GIVEN RECORDS:
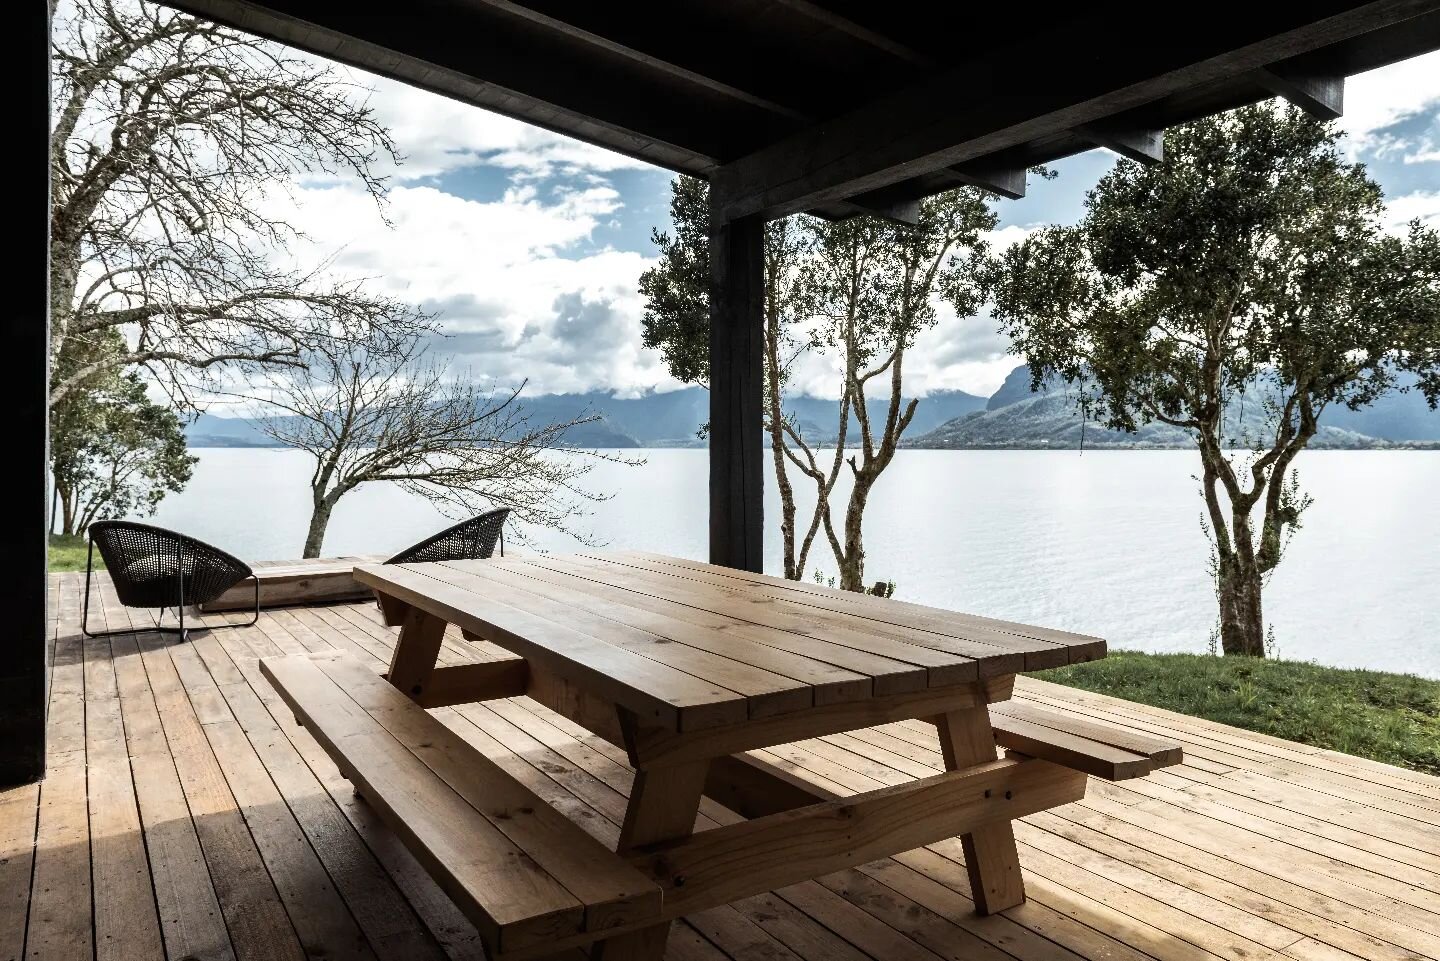 Casa en el lago
Espacio intermedio 
Exterior - Interior 
 
Construcci&oacute;n 2021
+ pmmk
Lago Ranco
Chile

TASK TO COMPLETE:
Here the answer is the exact run of lines above, from the line with "Exterior - Interior" down to the last, and nothing else.

FINISHED EXERCISE:
Exterior - Interior 
 
Construcci&oacute;n 2021
+ pmmk
Lago Ranco
Chile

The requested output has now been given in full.